In Spain's Pyrenees: Wilderness and Witchery
by Dalia Miller
Photos: Kip Miller
It’s a moonlit evening in Bielsa. Snow glimmers atop the Mount Perdido Massif as our group gathers on the balcony of our parador. An icy stream rushes in the valley below us. Beech trees rustle in the chill night air. Jesús, our resourceful tour director, is about to reenact the “Queimada,” an ancient rite originating in Galicia but also popular throughout northern Spain. Here in the remote Pyrenees, pagan practices endured long after the country was united under the Christian monarchs. The Queimada ritual dates from the mists of time. Its adherents believe that it can drive out evil spirits that prey on unsuspecting souls. “Witches remain a big part of our heritage here in the north,” Jesús explains, “especially in the mountains of Navarre and Aragon, where to this day the summer solstice is celebrated in the caves of Zugarramurdi, once the hideout of witches.
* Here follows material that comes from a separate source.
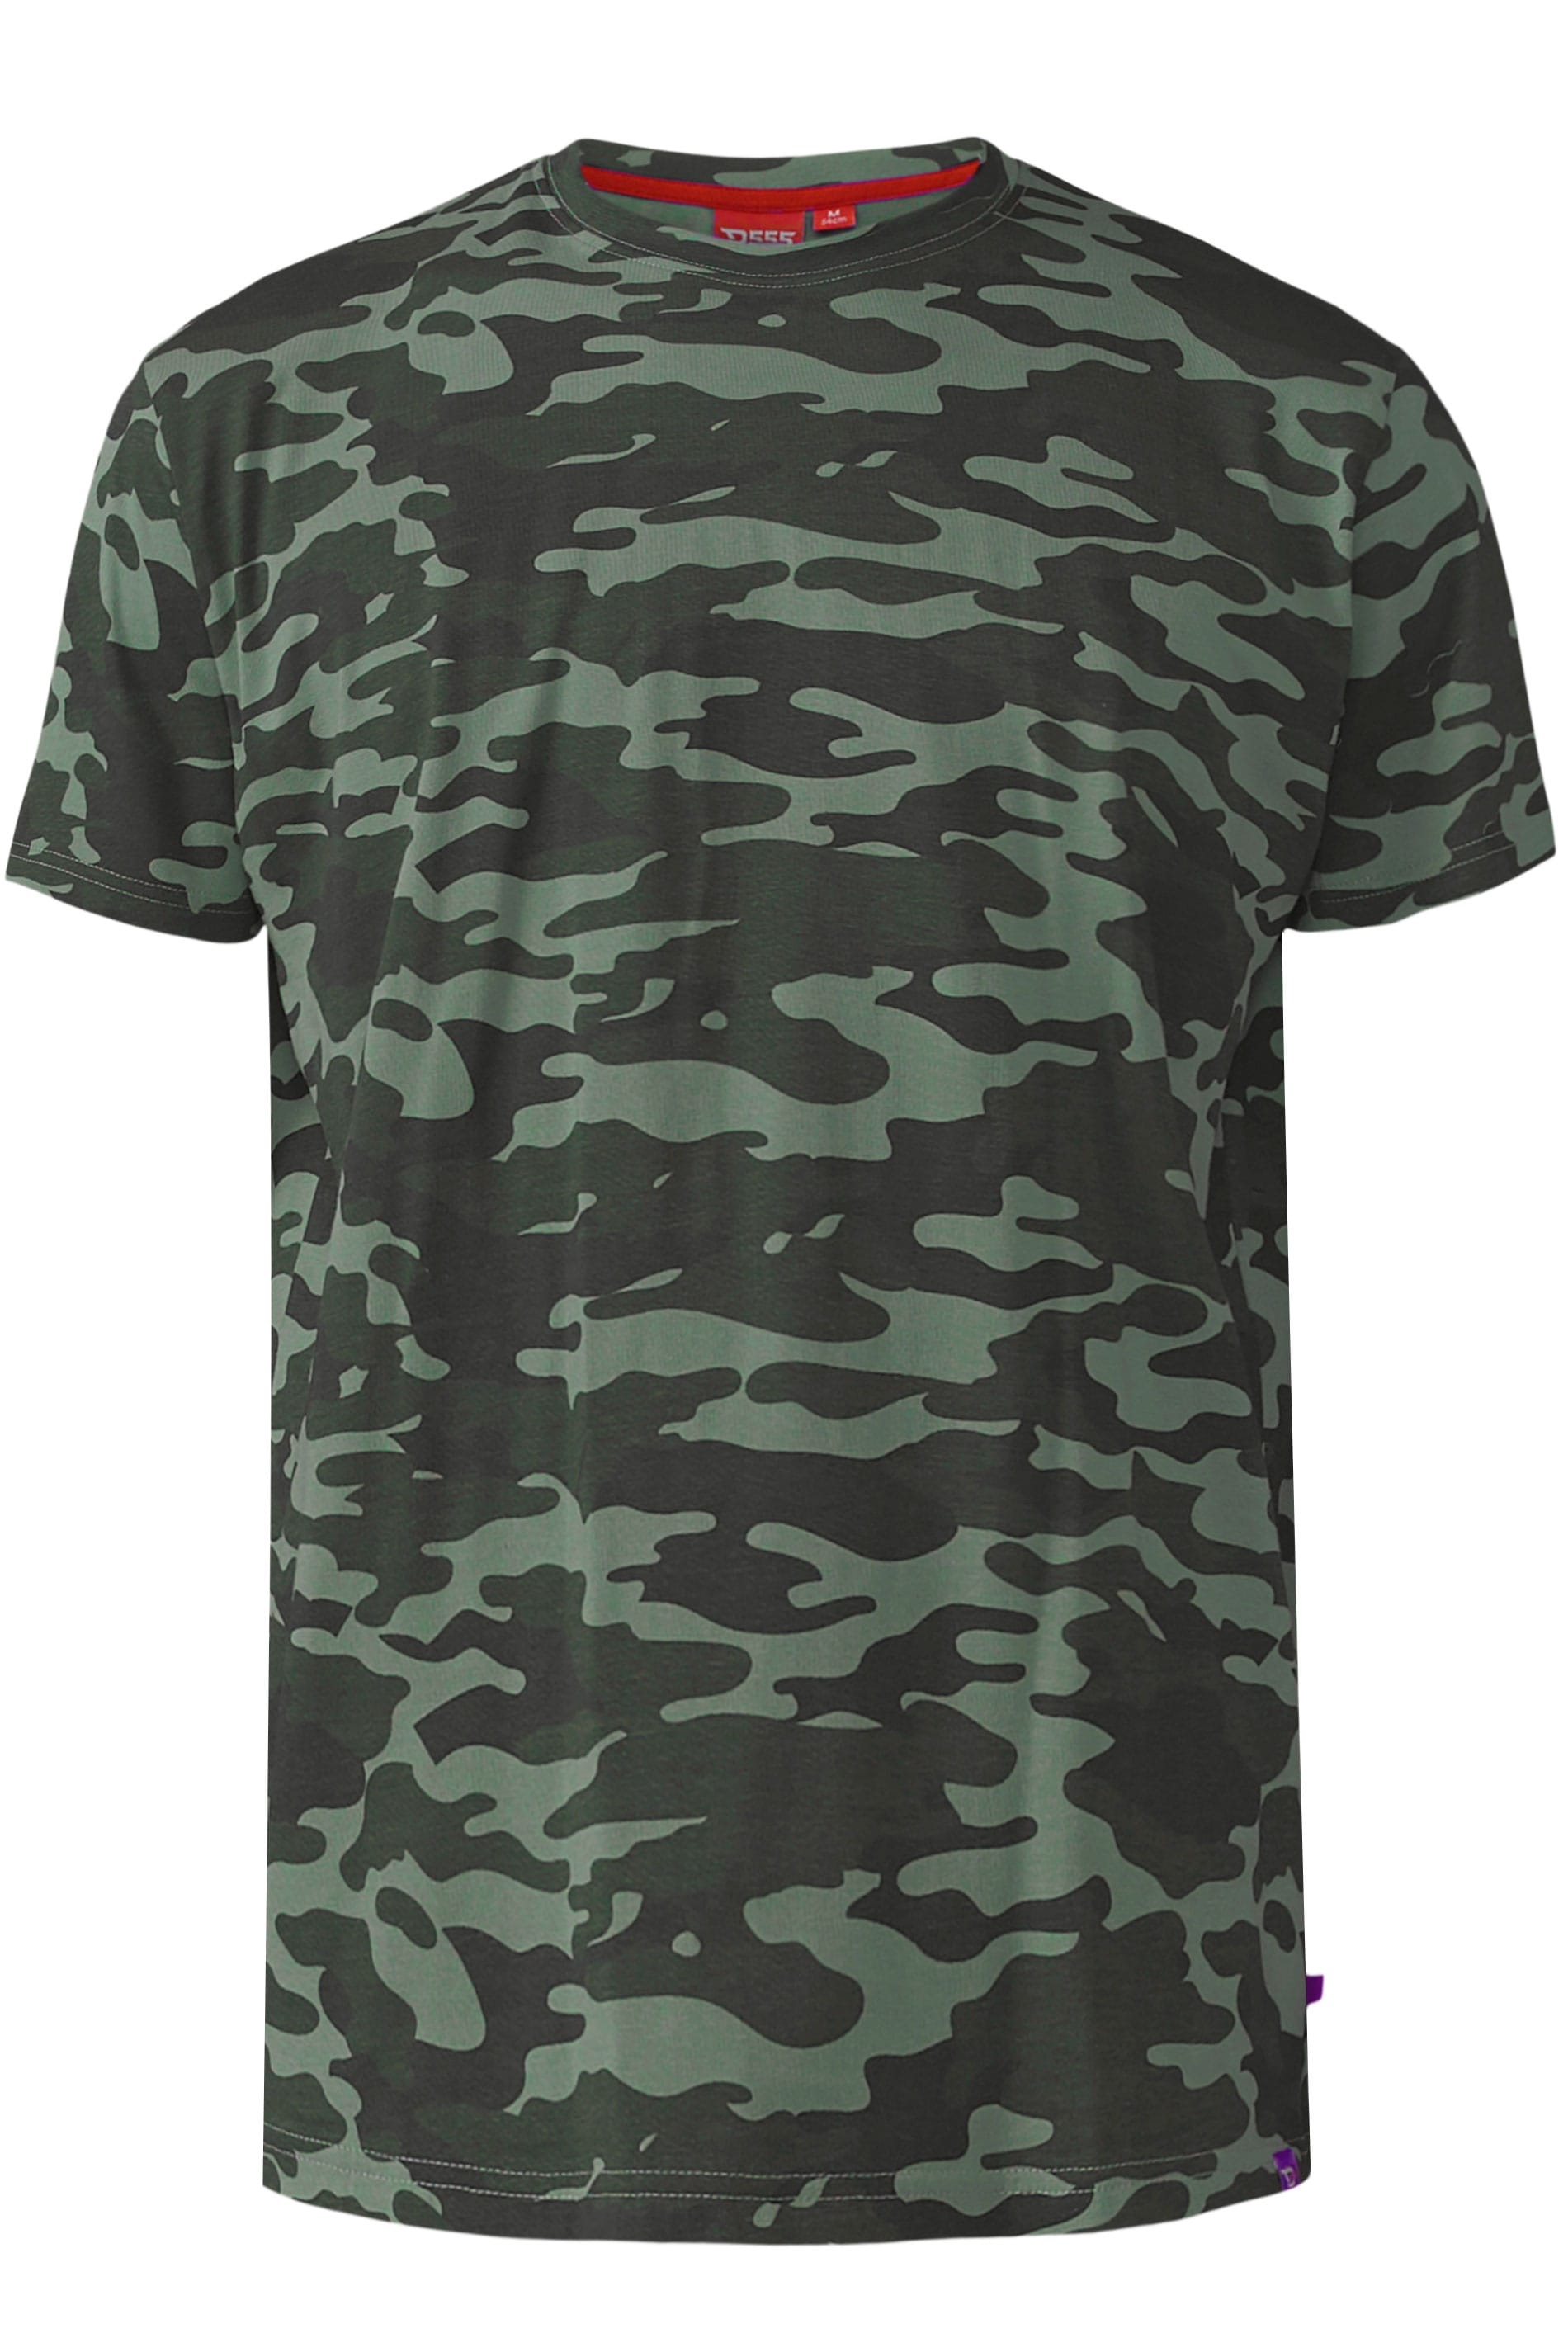 D555 Green Camouflage T-Shirt | BadRhino 2

All you have to do is take a look at the chimneys of village houses in the Pyrenees. Each one resembles a pointed witch’s hat.”

The Queimada ritual is popular throughout Northern Spain.
As sugar burns in the hot liquid, any “witches” present will be purified.
With that Jesús readies a large clay pot which is meant to represent the earth, placing it over a burner. He adds lemon peel, a fistful of coffee beans, a dash of cinnamon and half a cup of sugar. Next comes the key ingredient: an entire bottle or two of Galician Aguardiénte de Orújo, a transparent 50% alcohol brandy made from grape residue. The fiery liquid denotes the tears of Mother Nature. The flame is ignited and Jesús stirs the mixture. In a few minutes the alcohol begins to burn. He scoops up liquid from the bottom of the pot, lifting it high in the air, then pours it back into the pot, creating a cascade of blue fire. As the liquid blazes and the sugar in the pot caramelizes, a special incantation is invoked, beginning with: “Owls, toads and witches….demons, goblins and devils….spirts of the misty vales….” The chant conjures up Satan and Beelzebub’s Inferno and the roar of the enraged sea. As the flame soars, any witches present will be purified. “When the liquid goes down your throat, you will be freed of the evil in your soul,” Jess assures us. By now the night air is turning much colder. I zip up my Parka. The hot liquid feels good, but overpowered by the taste of coffee and cinnamon. I head back to my room and crawl under the covers, ruminating about the occult and the unlucky Maria Bielsa, who had the surname of our parador. In 1499 she was one of the first to be burned at the stake during the Inquisition. She had been accused of witchcraft!

Snow clings to a Pyrenean peak framing rolling green foothills.

But let’s backtrack a couple of days. We are snaking through gorse-covered foothills above Pamplona, heading east toward Mount Perdido and Ordesa National Park in the central Pyrenees, to the Parador of Bielsa, our destination for the next two nights. The Pyrenees form a natural border between Spain and France, an epic landscape of soft limestone lifted from the seabed by the action of tectonic plates some fifty million years earlier, tilting and folding as it rose. Carved further by glaciers, the limestone mass forged a 270-mile chain of rugged peaks, many above 10,000 feet. ”Near the park are four ski resorts that are known for their thermal springs. Skiing here is cheaper and better there than on most European slopes,” boasts Jesús. “The high Pyrenees are home to wild boars, bears, deer, chamois goats, and especially rare birds of prey,” he enumerates as we climb stony hills overlooking the Cinca River. Murky waterfalls gush down by my bus window, reducing visibility. Cloudy rapids churn on the river below. A shepherd nudges a herd of sheep that have commandeered the road to clear a path for our bus. We pass several abandoned hamlets, each a cluster of grey stone houses encircling a Romanesque church with bell tower. “Here in the north of Aragon you can buy an entire town for a pittance,” teases Jesús.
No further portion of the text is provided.